Le syndicaliste de soutenir, par ailleurs, qu’il y a des scanners où on a des tubes qui parfois ont une durée de vie de 18 mois. « Quand le tube doit arriver à expiration, 5 mois à l’avance, il doit y avoir une commande pour un nouvel appareil. Si la date d’expiration est dépassée, ça peut endommager l’appareil. Au lieu de perdre 20 millions de FCFA uniquement pour le tube, vous perdrez un appareil qui coûte 200 millions de FCFA », déclare-t-il.
 
Cependant, il reconnaît aussi qu’il y a un problème d’encadrement des étudiants dans les établissements sanitaires. « Vous amenez un étudiant qui n’est pas encore sorti de l’école, vous le laissez avec l’appareil sans l’encadrer. Il peut faire de fausses manipulations et le bloquer. Les étudiants ne sont plus encadrés, on les laisse seuls à prendre des initiatives ».
Le syndicaliste de proposer ainsi l’investissement sur les hommes avant de penser aux équipements.
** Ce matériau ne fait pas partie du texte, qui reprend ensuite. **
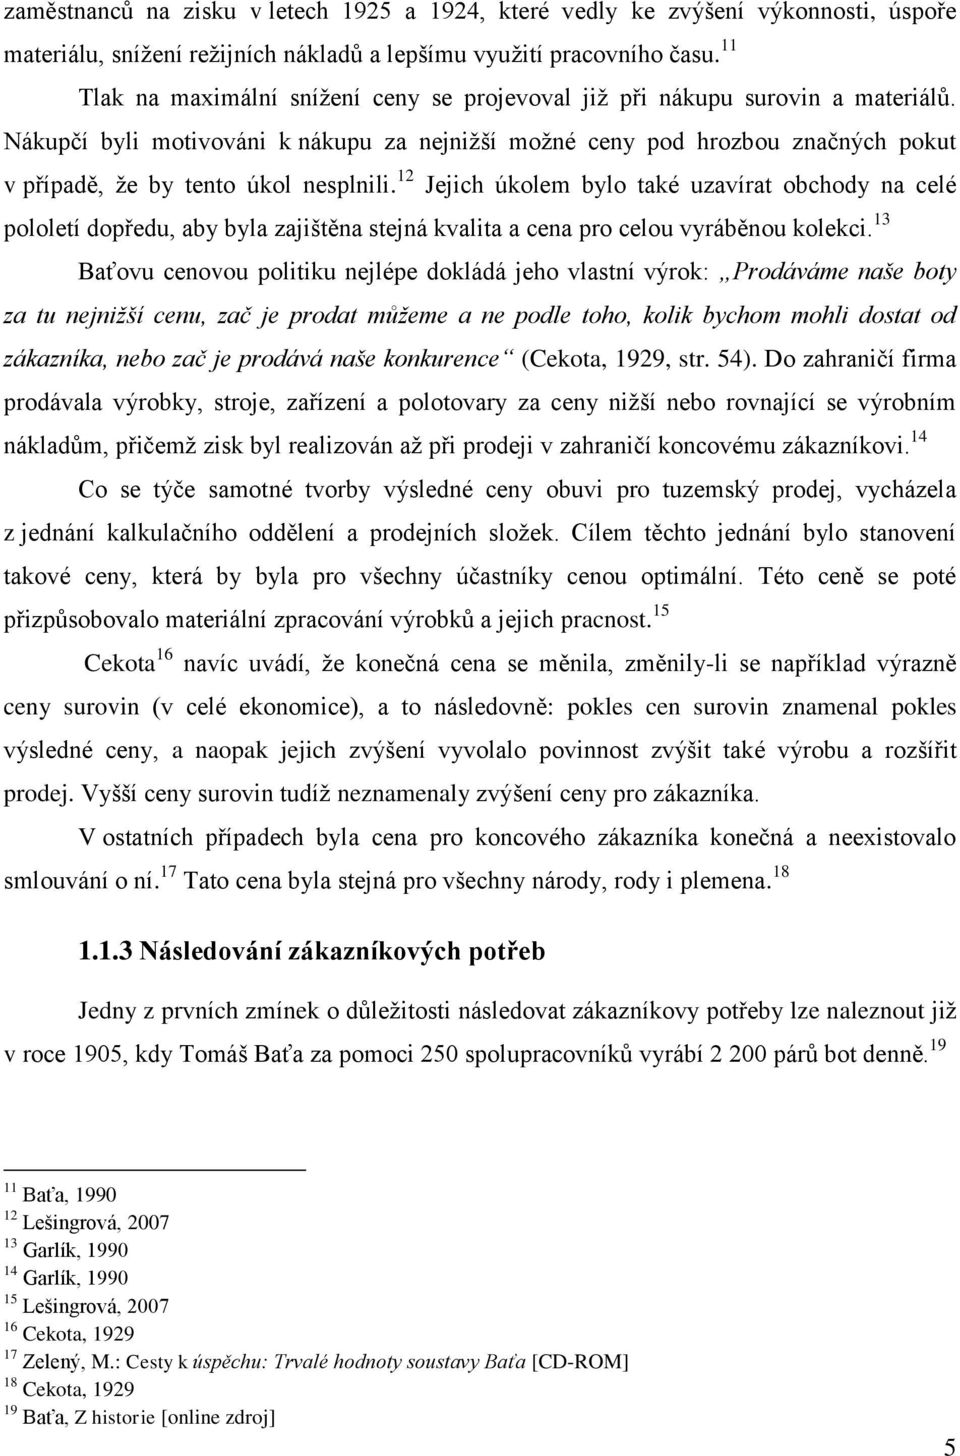 Vysoká škola ekonomická v Praze. Bakalářská práce Kateřina Navrátilová -  PDF Free Download

Il soutient que la formation des agents de santé est primordiale pour pouvoir gérer ces outils médicaux.
 
C’est dire que lorsqu’il y a de nouveaux appareils qui arrivent, l’Etat devrait« capaciter » les gens qui ont déjà suivi des formations à la base dans ce sens afin qu’ils puissent les utiliser convenablement. Pour cela, il faut que la maintenance soit au cœur de chaque structure hospitalière. Il ne reste qu’à espérer que le programme d’équipement des structures sanitaires annoncé par Macky Sall va intégrer cette donne.